Many are aware of lovely Bible stories from Sunday and Sabbath schools. Too often, many have also missed the dimension of these stories concerning the necessity for a social order in which the forces of disease, poverty, and oppression are overturned. The stories are not just about people getting better physically. Just look at Jesus’ approach to Samaritans, lepers, tax collectors, the paralysed, the dead, the ‘unclean’, and women.

Addressing taboos, stigma, prejudice, and discrimination were all at the heart of Jesus’ ministry and mission. It is painful to see how many today are agents of taboos, stigma, prejudice, and discrimination in their form of Christianity, and biblical inspiration. Jesus’ healing of the crippled woman on the Sabbath in Luke 13 flies in the face of our patriarchal affirmation of “sons of Abraham”. He refers to the woman in these terms: “Then should not this woman, a daughter of Abraham, whom Satan has kept bound for eighteen long years, be set free on the Sabbath day from what bound her?” He was responding to a law-centred preoccupation above the celebration of freedom from disease that was ignored in the strength of taboos, stigma, prejudice, and discrimination.
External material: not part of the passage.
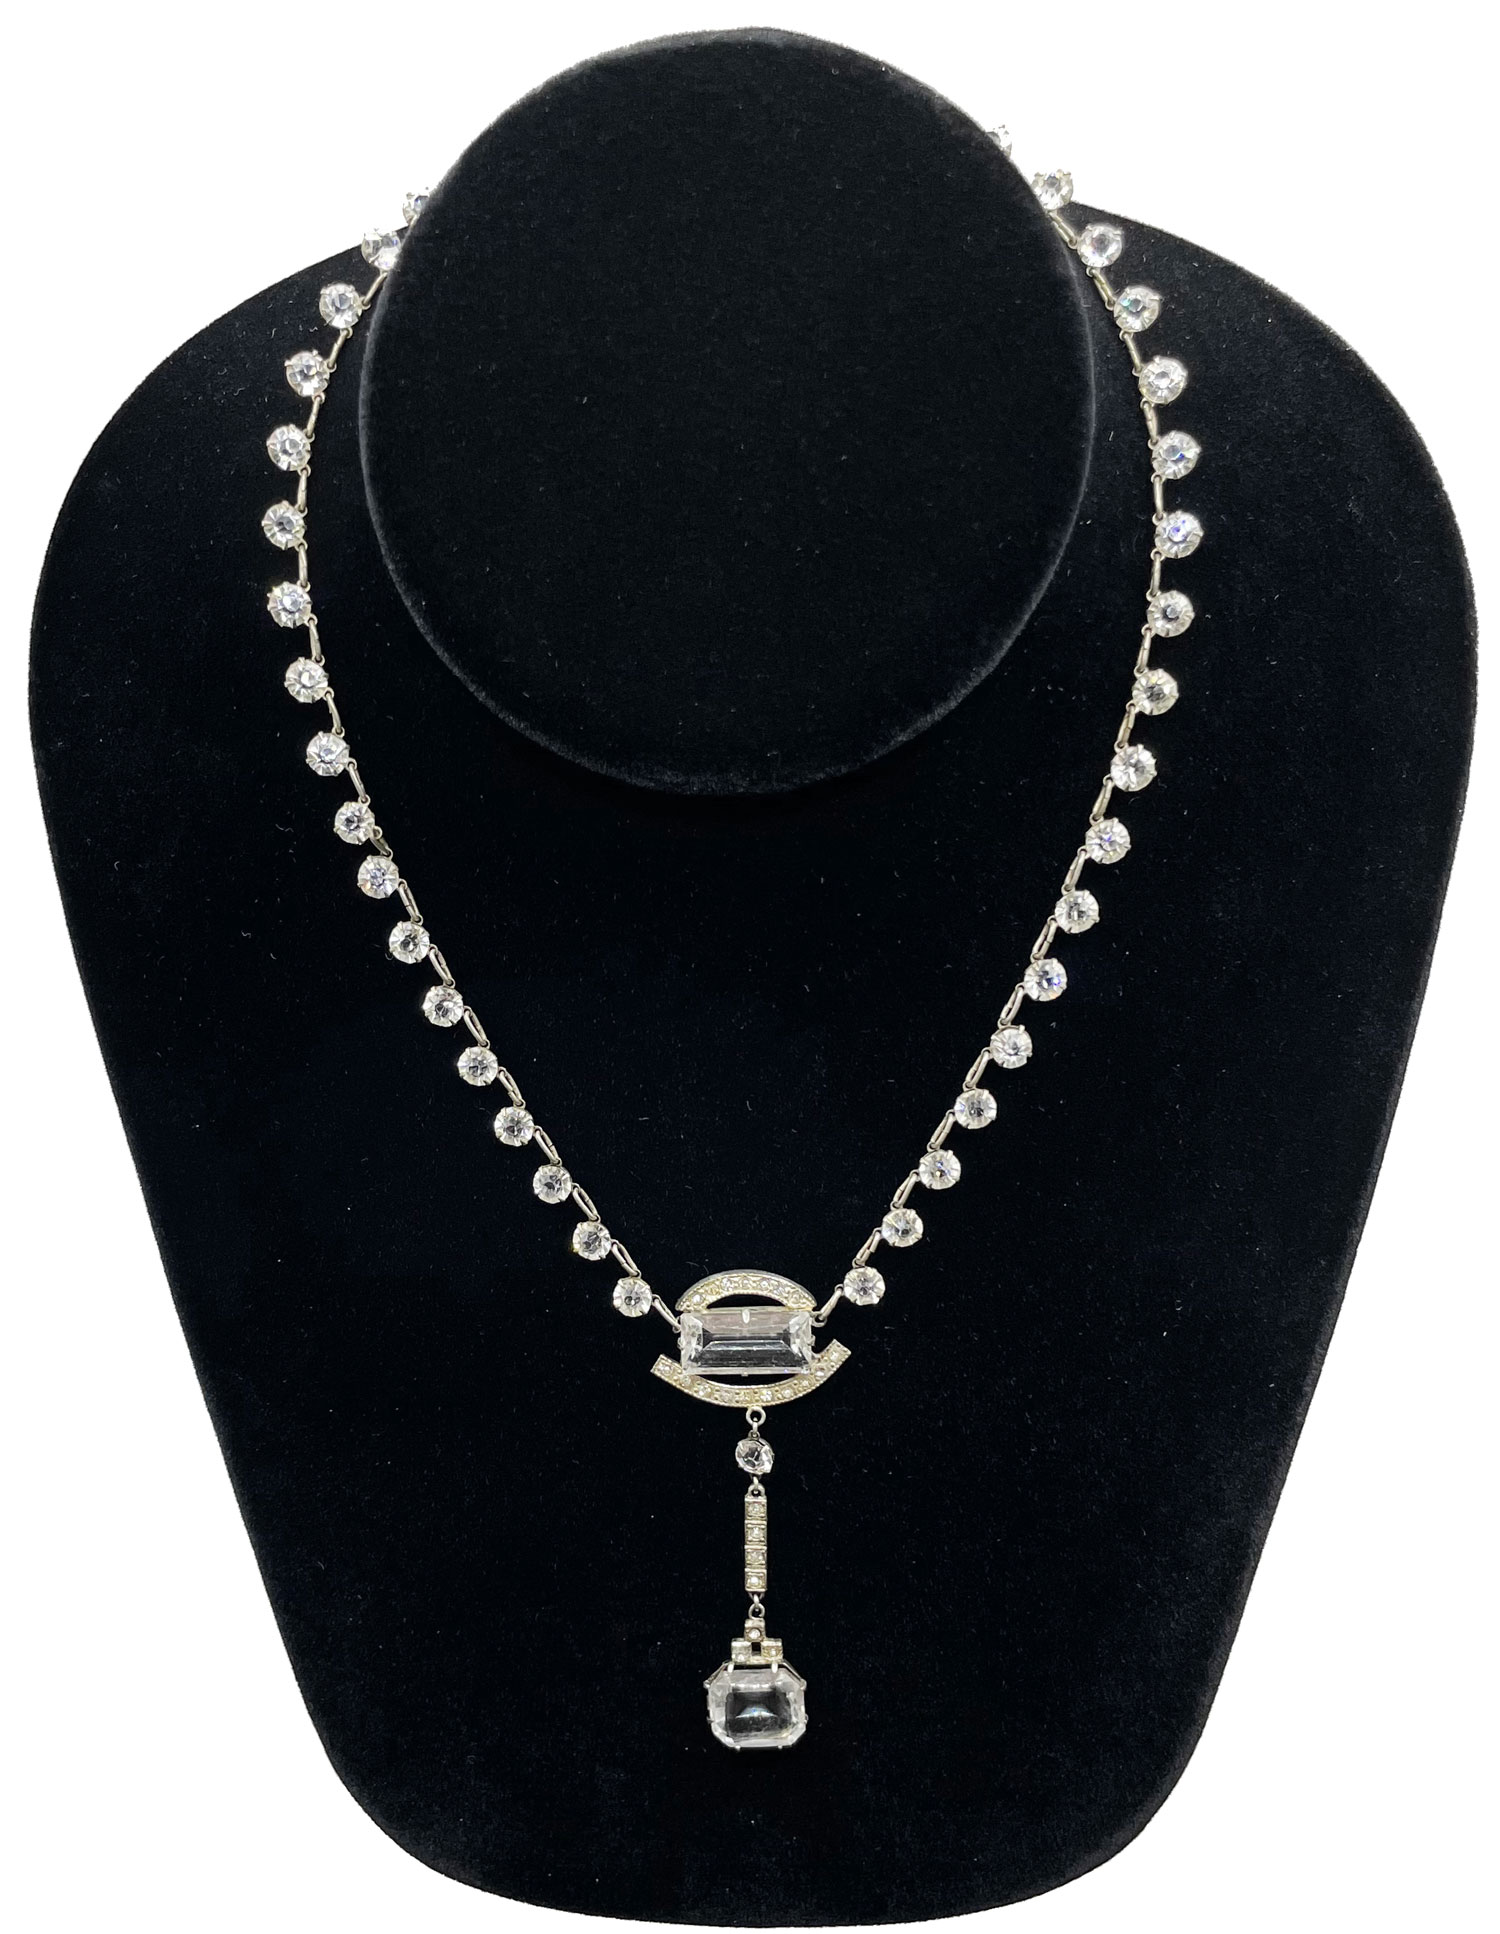 1920s Art Deco pendant necklace

Just imagine the shock to hear Jesus affirming the leper (an outsider) who returned to give thanks. Just imagine the shock to hear Jesus affirming a Samaritan (the outsider) who helped the man who was attacked by robbers, and ignored by the religious elite. There are religious leaders and churches in the world which choose to be silent or vociferous based on the political status quo. When we do this, Jesus calls us “hypocrites.”

Now place the above in the context of the Israeli-Palestinian conflict. As you do so, note that there are Israelis and Palestinians who want peace. However, the Western media feeds us the diet that it wants us to regurgitate. How would you feel if your peaceful neigbourhood and home were violated, and your loved ones murdered? How would you feel if the rest of us law-abiding citizens were punished for the ills of merciless gangsters and scammers? How would you feel as an Israeli or Palestinian who just wants peace and prosperity for everyone?

With Jesus, a just social order is always a better option. Understandably, angry Israelis and Palestinians must find a way to realise this just social order for all concerned. The powerful on the international landscape must of necessity call for and facilitate blind justice for a better world.

The Salvadoran Archbishop Oscar Romero, who was assassinated in 1980, spoke for justice and truth. His witness lives on in his ever-so-relevant question. “A church that does not provoke any crisis, preach a gospel that does not unsettle, proclaim a word of God that does not get under anyone’s skin, or a word of God that does not touch the real sin of the society in which it is being proclaimed: what kind of gospel is that?”